De la porte au clou

par C’est Nabum
lundi 29 mai 2023

 

Le doigt dans l'œil.

 

Il advint qu'un charpentier maniant avec habileté la varlope et la scie égoïne, suite à une fausse manœuvre, s'enfonça un clou dans la main alors qu'il avait les bras en croix. Le coup fut si rude que le malheureux en eut un coup au cœur tout en se frappant le crâne avec sa main valide et en s'exclamant : « Et dire que je ne suis pas à jour de mon vaccin antithétique ! »

Est-ce l'inquiétude, la perspective d'une fin atroce, la douleur ou simplement une fragilité émotive, toujours est-il que le pauvre garçon passa de vie à trépas avec son clou tordu et rouillé dans la main droite. Si ce détail peut vous sembler sans importance il l'était pour celui qui devait frapper la porte du paradis.

Il est des usages qu'il convient de respecter. Pointer le bout de son nez devant Saint Pierre n'est déjà pas une mince affaire, l'enjeu est de toute première importance pour qui n'entend pas passer sa mort dans les flammes de Satan. Frapper délicatement c'est donner une bonne impression mais comment toquer doucement avec sa mauvaise main ?

Il songea un instant, ce n'est guère malin, de donner un petit coup de pied, arguant qu'il avait glissé sur le paillasson. Il se retint se doutant que le maître des clefs trouverait inévitablement qu'il s'y prenait comme un pied pour pointer son nez ici. Il tergiversait devant cette porte close, souffrant mille morts pour lui qui n'en était qu'à sa première quand un écriteau qu'il n'avait pas vu jusqu'alors lui sauva la mise : « Entrez sans frapper ! »

Ce qu'il fit de bonne grâce ne se doutant pas de l’accueil qui lui serait réservé. Saint Pierre, vénérable vieillard, sans doute excédé de ne jouer ici qu'un modeste rôle de portier, en avait gros sur la patate de jouer les aiguilleurs du ciel. Si au moins, il bénéficiait des mêmes avantages que ses collègues terrestres, il jouirait d'un train de vie plus en conformité avec sa réputation. Hélas, Dieu en matière de droits sociaux pour son personnel, n'est pas différent des grands chefs d’entreprises profanes.

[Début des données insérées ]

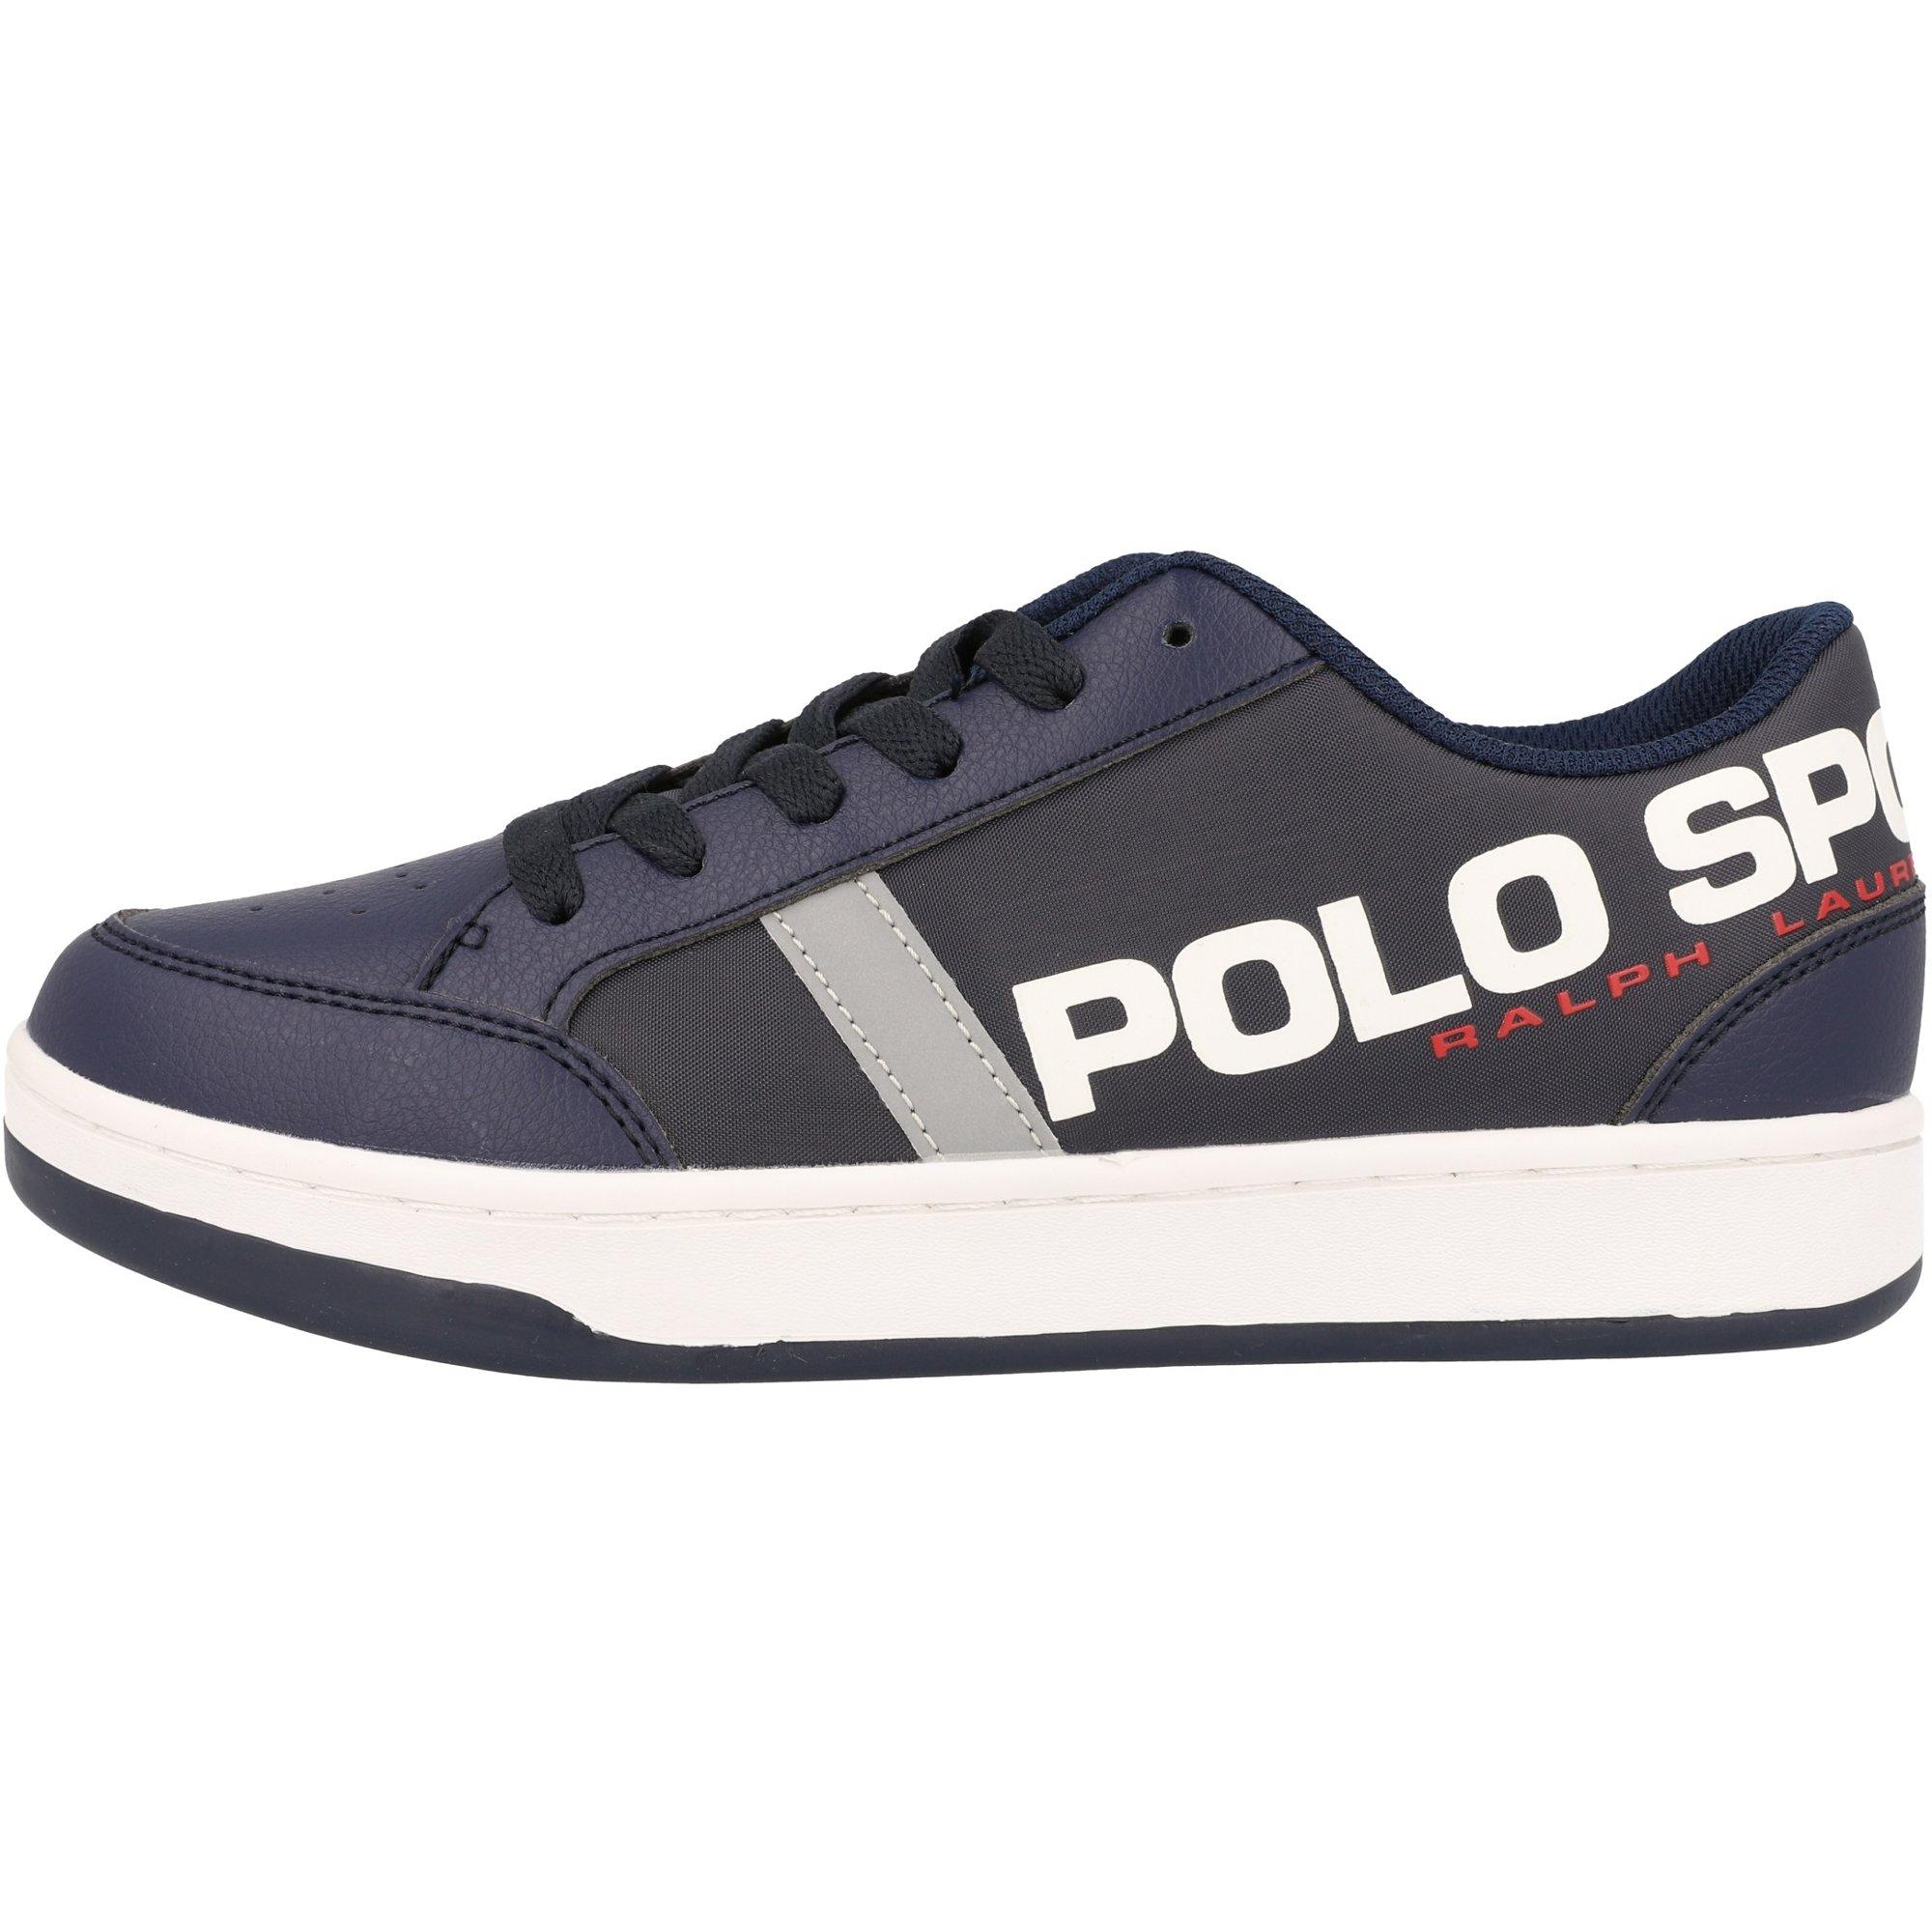 Polo Ralph Lauren Belden J Navy/Silver Tumbled

Saint Pierre qui avait pris son service du mauvais pied pour les raisons sus-évoquées vit d'un très mauvais œil celui qu'il prit pour un falsificateur, un copieur, un schizophrène se prenant pour le fils du patron. « Un seul stigmate ne fait pas de vous un candidat au salut éternel » lui déclara tout de go le méchant homme.

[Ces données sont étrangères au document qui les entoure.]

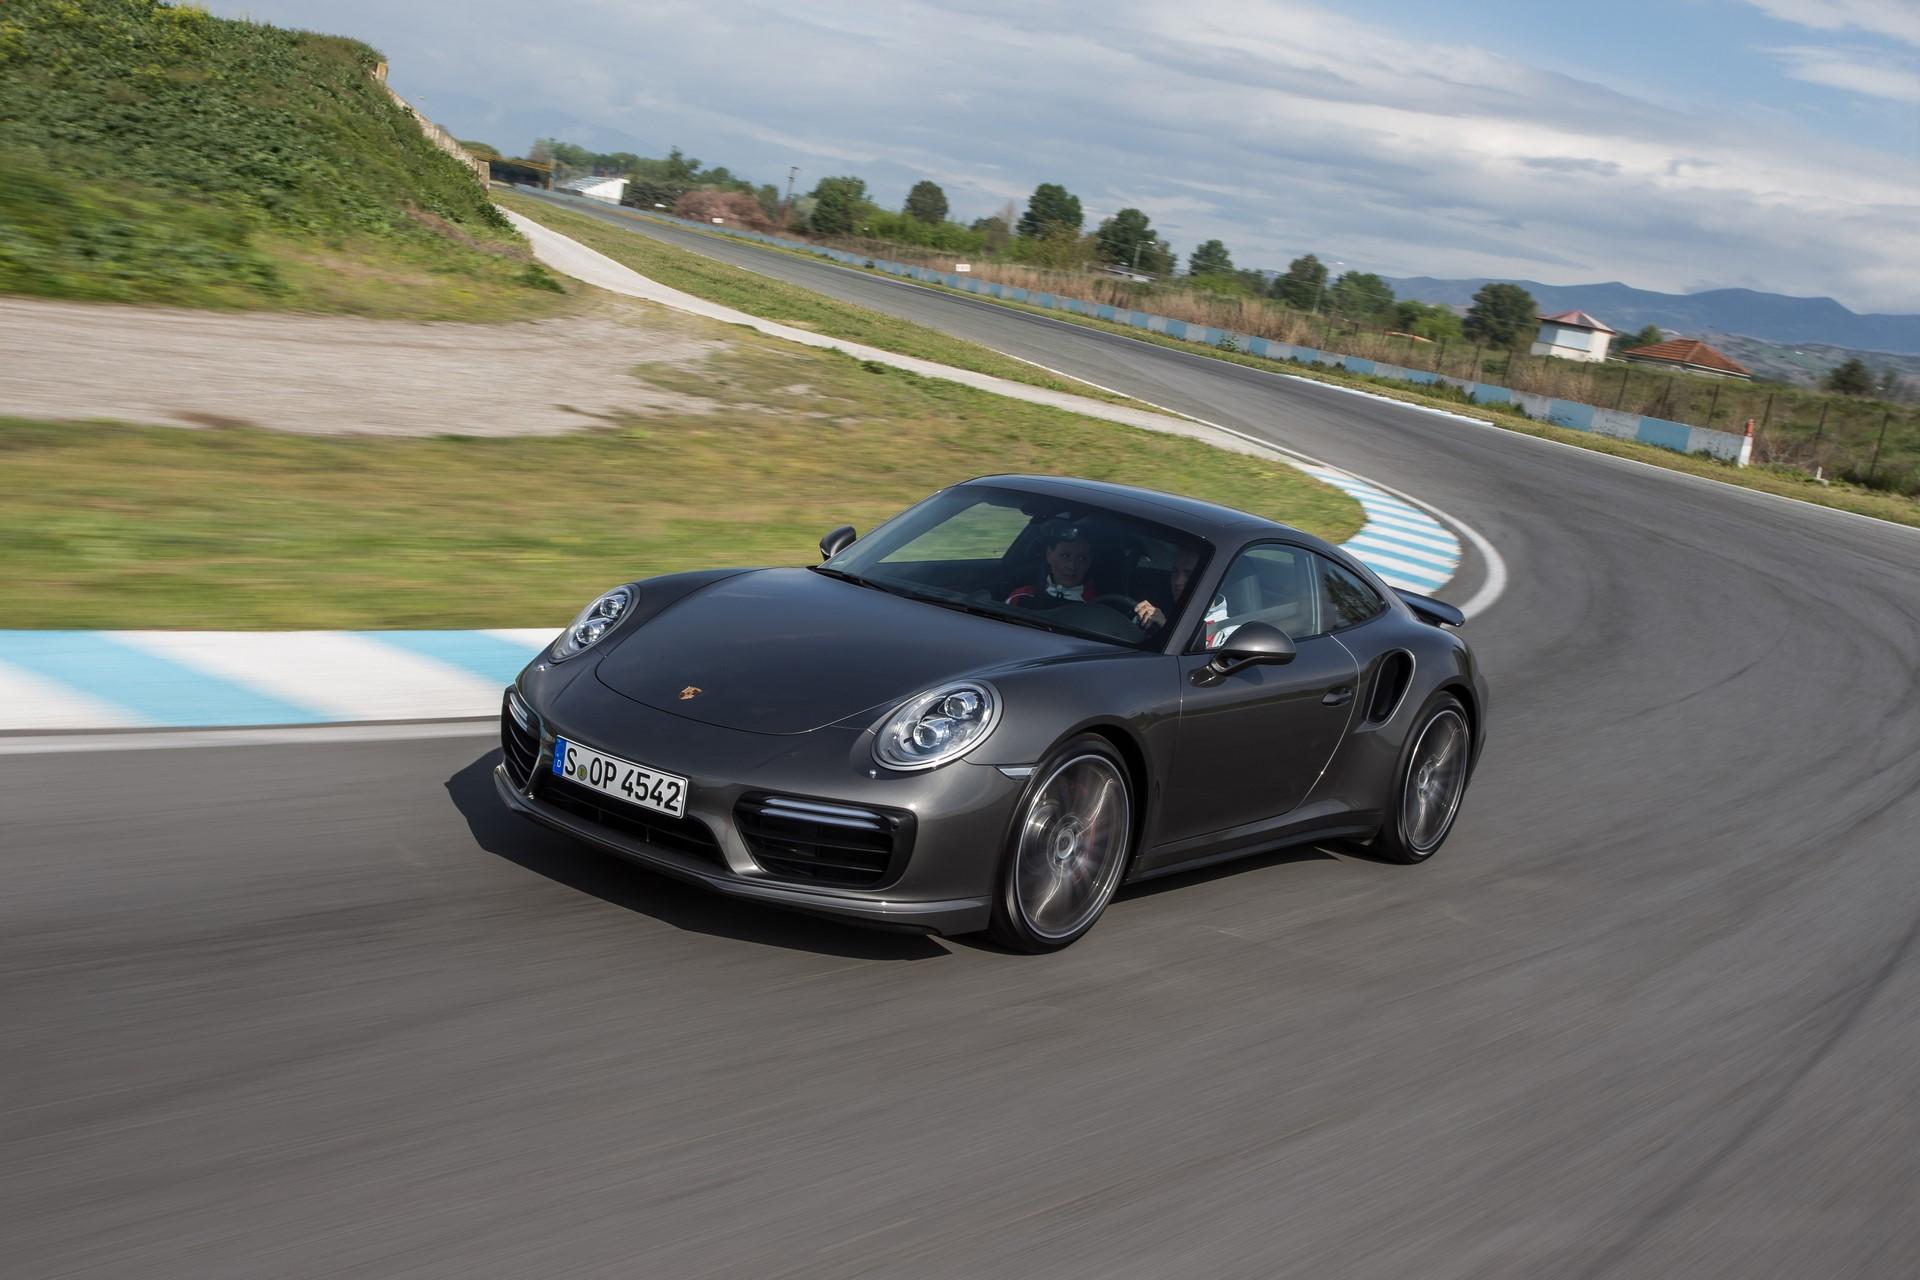 Porsche Driving Experience 2017 Serres (18)

Le pauvre garçon en fut tout chamboulé. Déjà que sa venue ici était pour lui tellement inattendue et soudaine qu'il n'avait nullement songé à rédiger sa lettre de candidature mais qui plus est on le recevait comme au coin d'un bois. Avouez que pour mon menuisier, la chose est dure à avaler. Il lui fallait trouver réplique pour sa défense ou faire appel à un juriste pour cet effet. Hélas il ne connaissait qu'un certain Dupont Moretti, avocat du diable, fort déplacé en ce lieu.

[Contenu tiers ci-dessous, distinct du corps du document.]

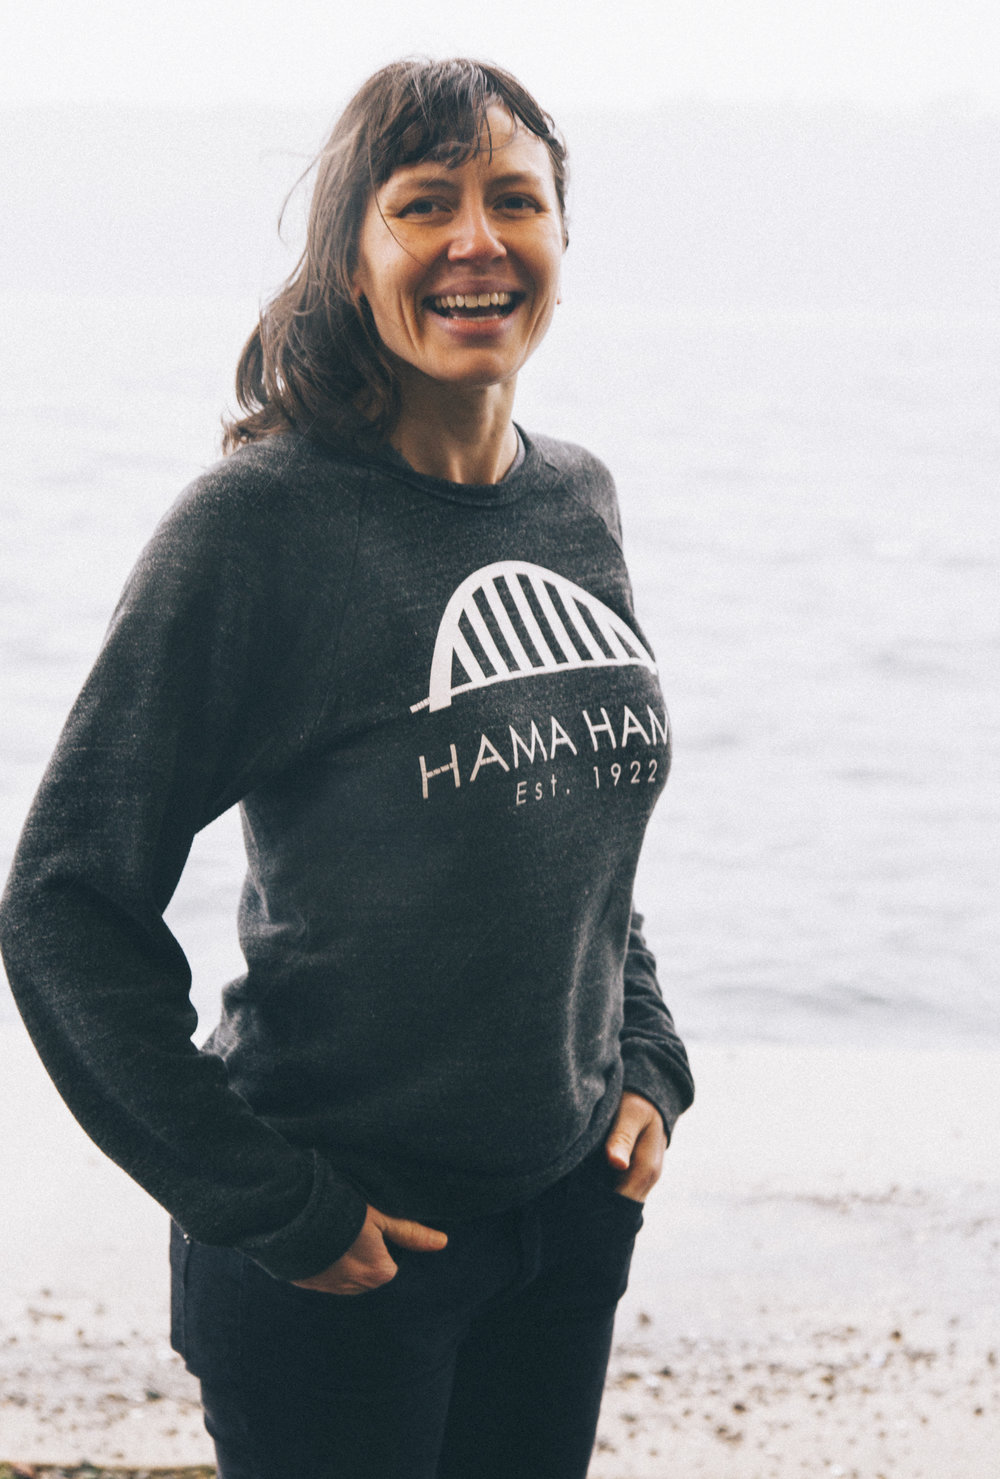 Hama Hama Swag (sweatshirt).

Il se jeta dans l'eau de là, tentant le tout pour le tout pour amadouer le bougon de service. « Mon cher Saint Pierre, nulle intention pour moi de singer le fils du Seigneur. Regardez donc d'un peu plus très ce clou à tête ronde. Il provient du décor d'un théâtre où j'œuvrais à la création de celui-ci. On peut même affirmer que ce fut là le clou du spectacle ! »

Saint Pierre prit de haut ce postulant qui non seulement imitait médiocrement mais qui plus est, fricotait avec des acteurs qui de tout temps eurent maille à partie avec l'église. Par curiosité plus que pour trouver circonstance atténuante, il demanda le nom de la pièce. L'autre de lui répondre : « Cyrano de Bergerac ! ». Non seulement il se mettait le doigt dans l'œil et le clou dans la main mais en prime avec une telle pièce il y avait de quoi l'avoir dans le nez.

Le charpentier ira rôtir en enfer. Voilà ce qui arrive quand on fréquente d'un peu trop près les saltimbanques. Ces gens sont vraiment indésirables dans la fosse comme au Paradis.